■ **Data under study**

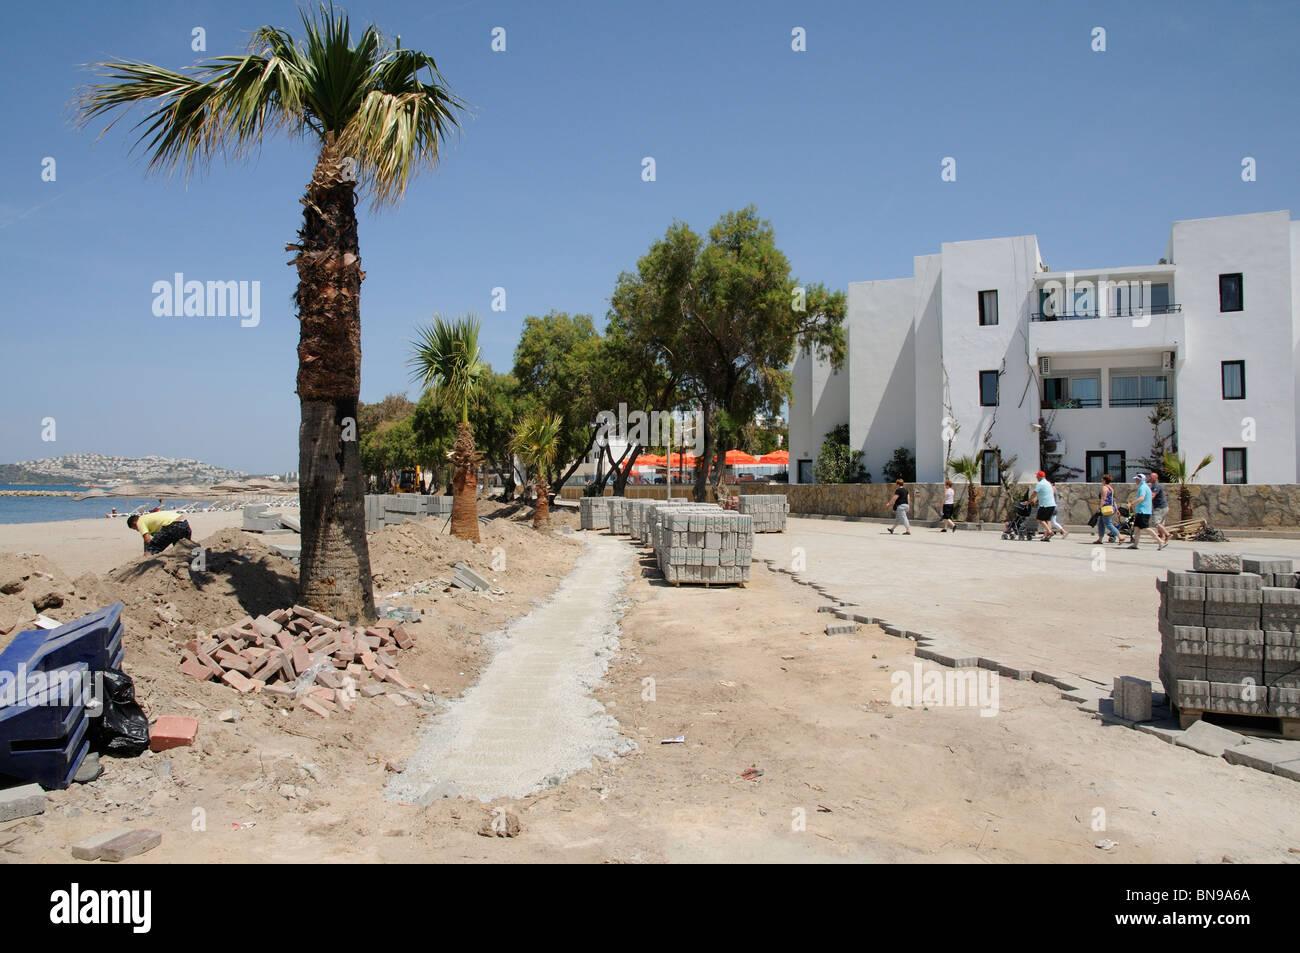 Beachfront building construction work at Turgutries Bodrum Turkey Asia Minor - Stock Image
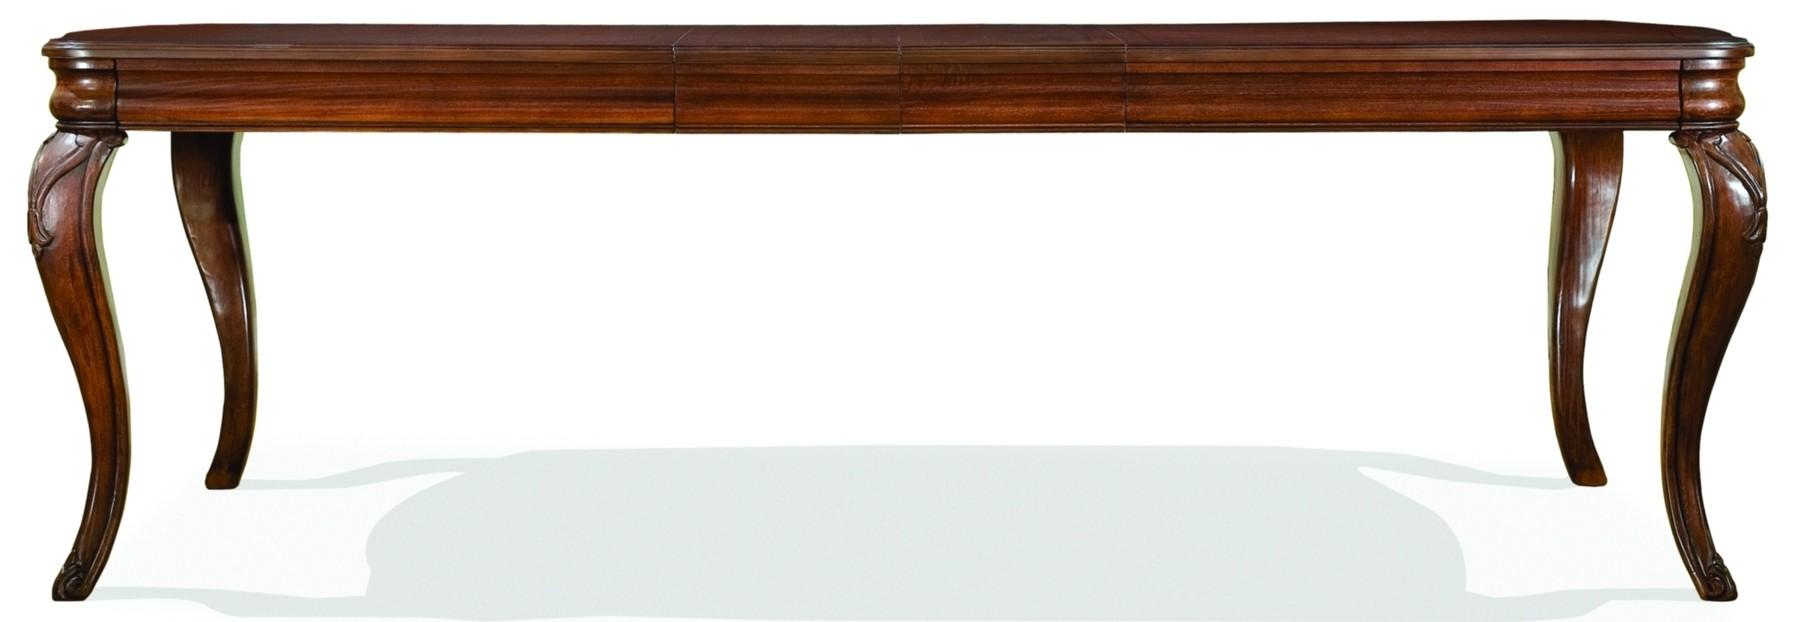 Evolution Rectangular Leg Dining Room Set from Legacy  : 9180 2222 from colemanfurniture.com size 1800 x 622 jpeg 110kB
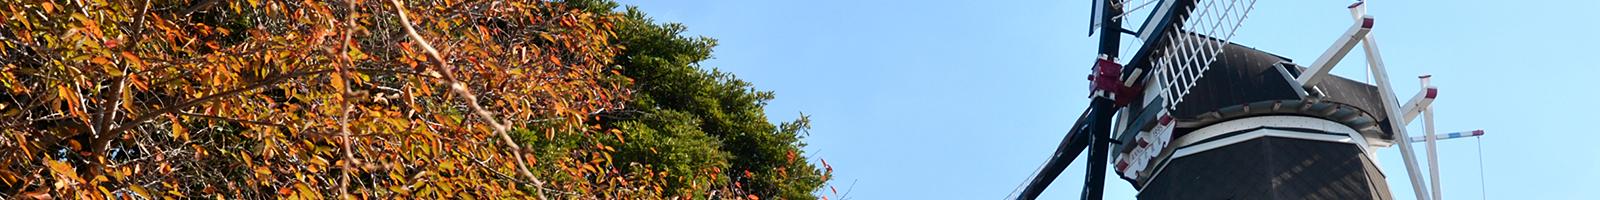 使用店舗一覧(小売) - 新南陽商工会議所ホームページ | 周南市 新南陽地区(山口県) | 経営相談 資金繰り 新規創業 経営革新 検定試験など
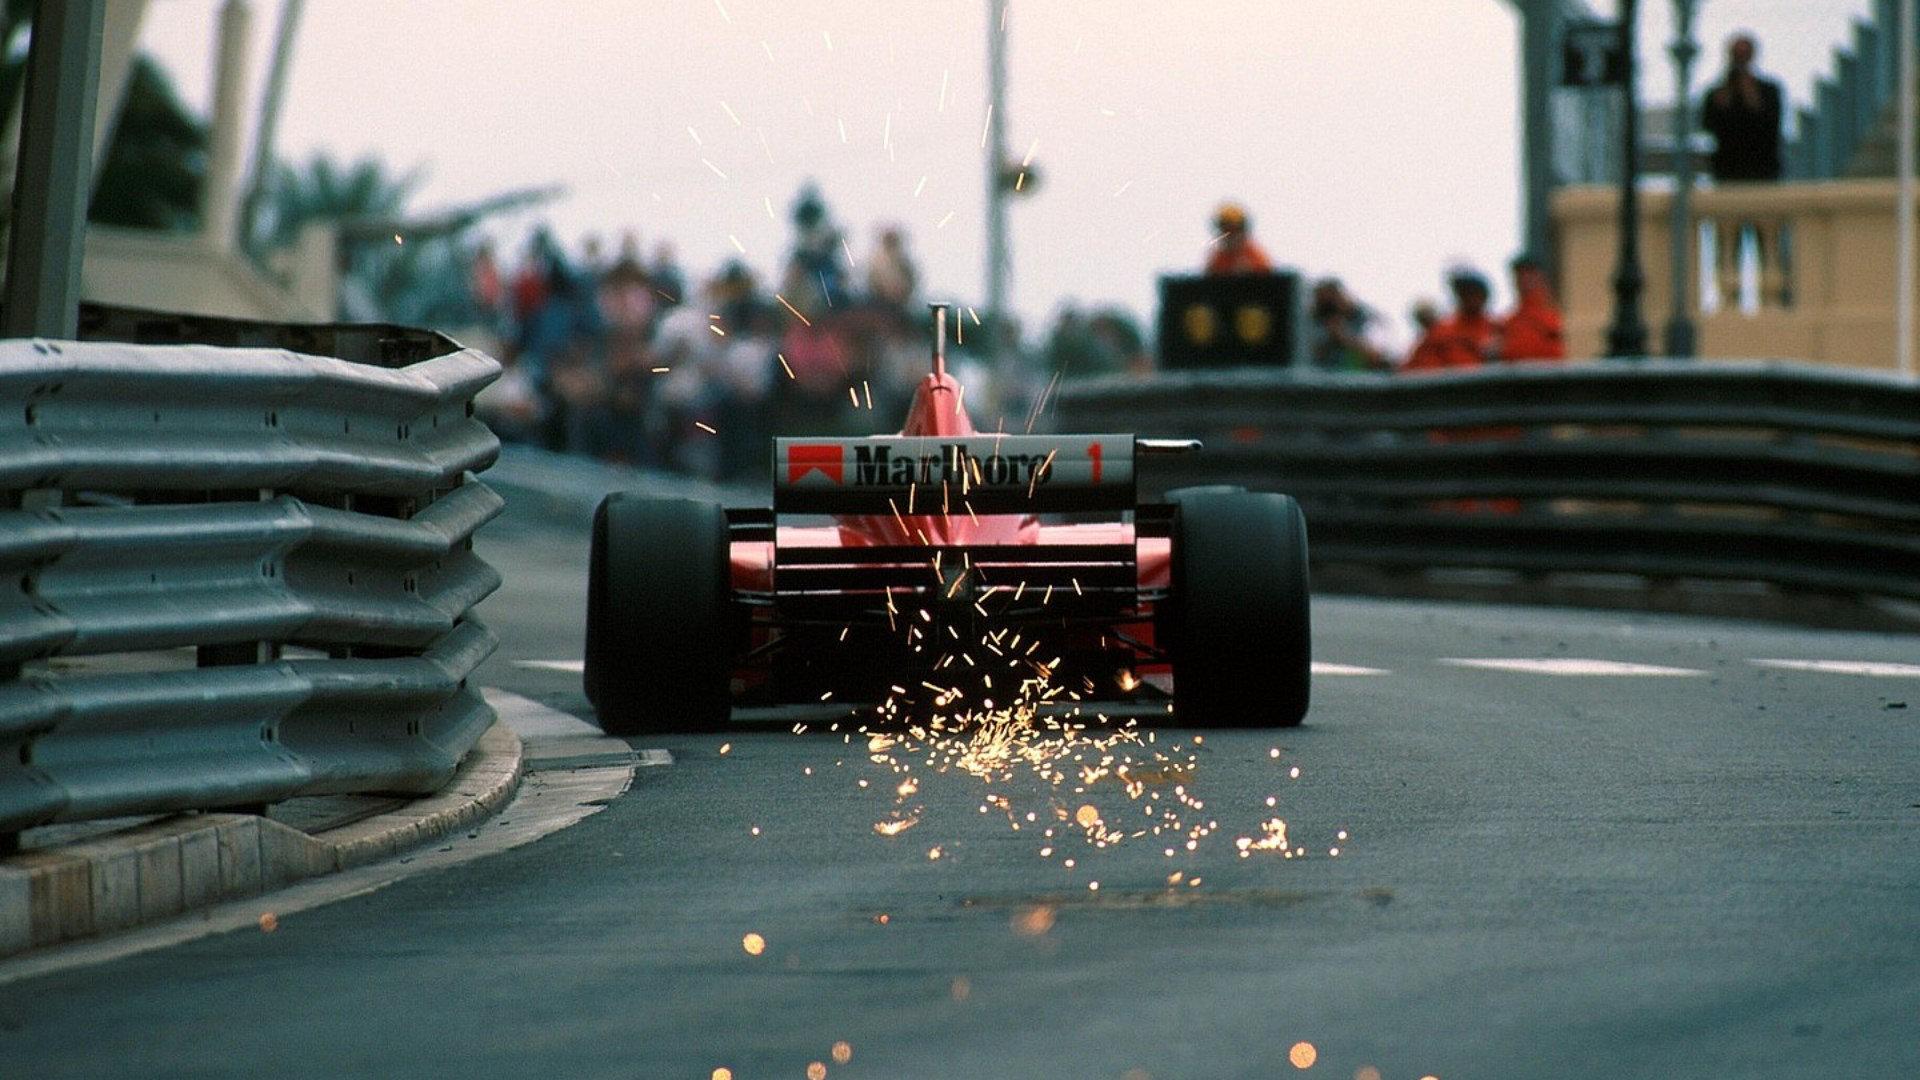 Free Download Ferrari F1 Background Id 381062 Hd 1920x1080 For Pc
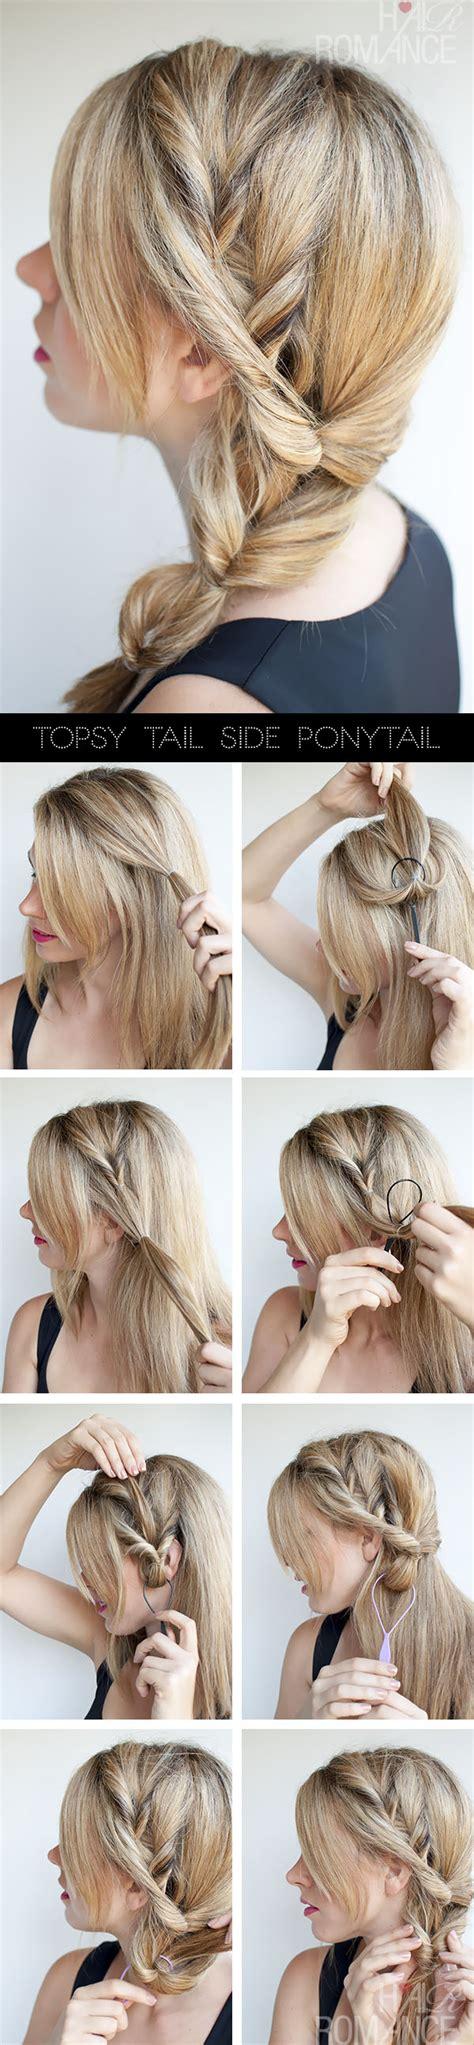 parting tutorial for braiding hair topsy tail ponytail tutorial the no braid side braid
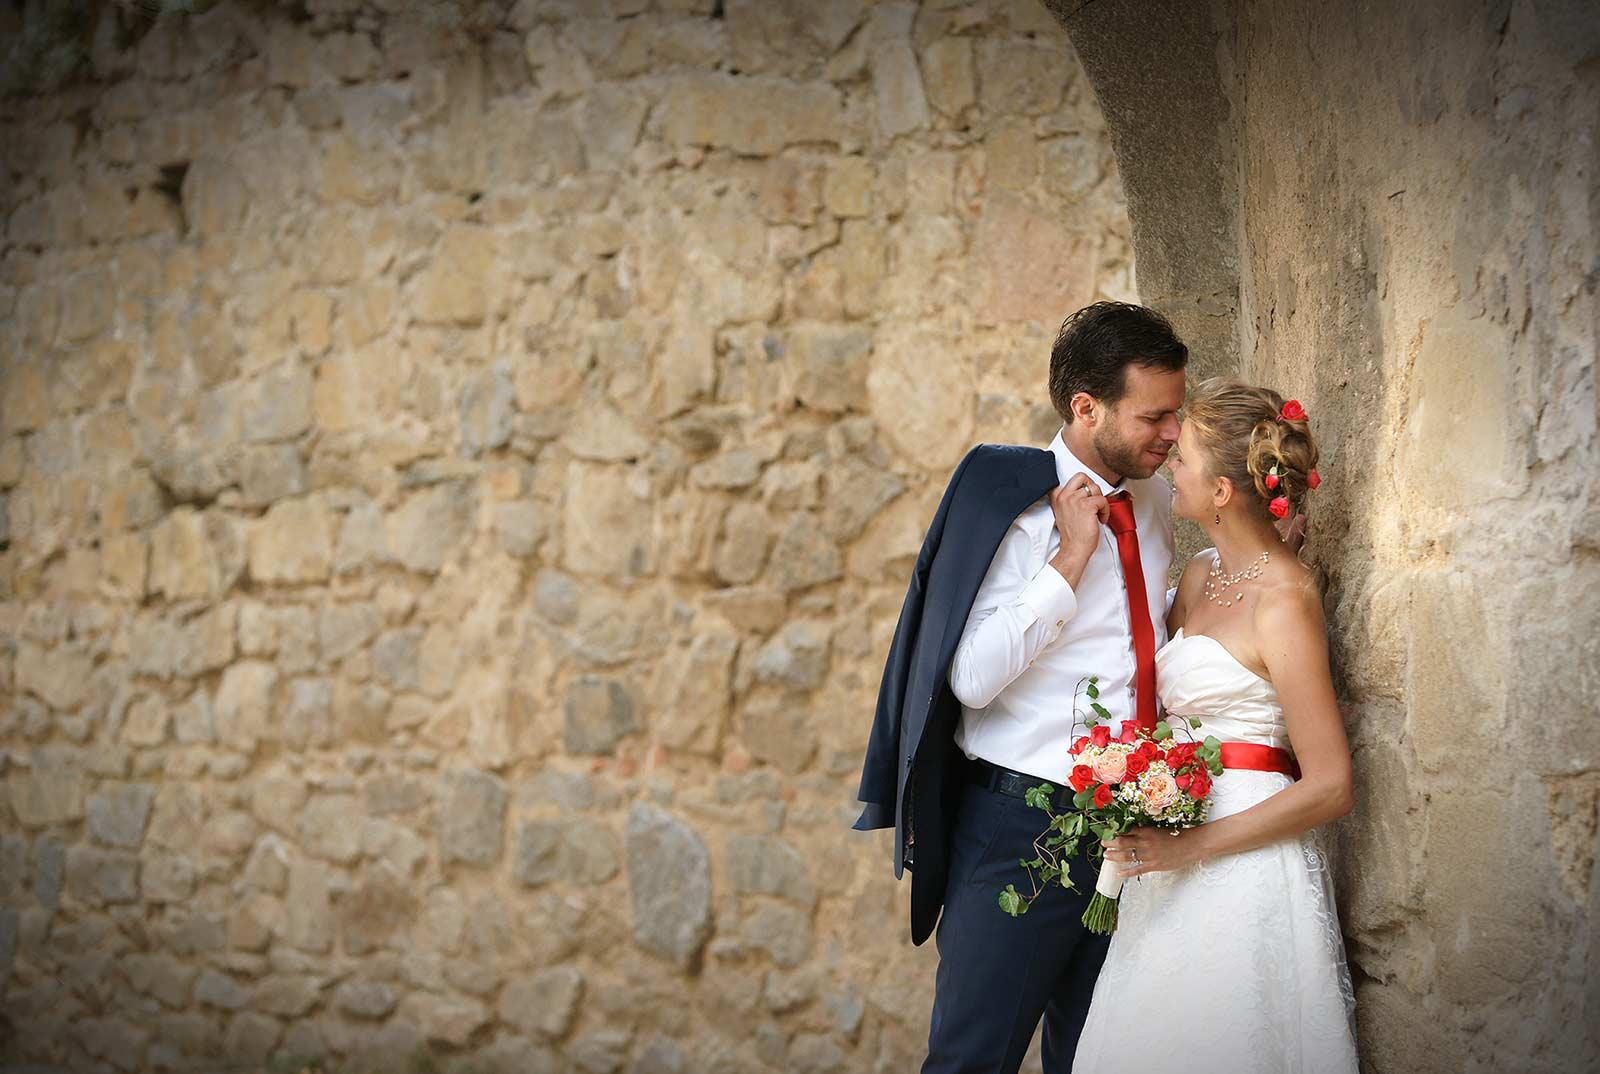 19 svatba svatebni fotograf ales motejl jizni cechy

■ **To do**
Leaving out the pictures, return the records exactly as given.

■ **Response to the exercise**
 Beachfront building construction work at Turgutries Bodrum Turkey Asia Minor - Stock Image
 Evolution Rectangular Leg Dining Room Set from Legacy  : 9180 2222 from colemanfurniture.com size 1800 x 622 jpeg 110kB
 使用店舗一覧(小売) - 新南陽商工会議所ホームページ | 周南市 新南陽地区(山口県) | 経営相談 資金繰り 新規創業 経営革新 検定試験など
 Free Download Ferrari F1 Background Id 381062 Hd 1920x1080 For Pc
 parting tutorial for braiding hair topsy tail ponytail tutorial the no braid side braid
 19 svatba svatebni fotograf ales motejl jizni cechy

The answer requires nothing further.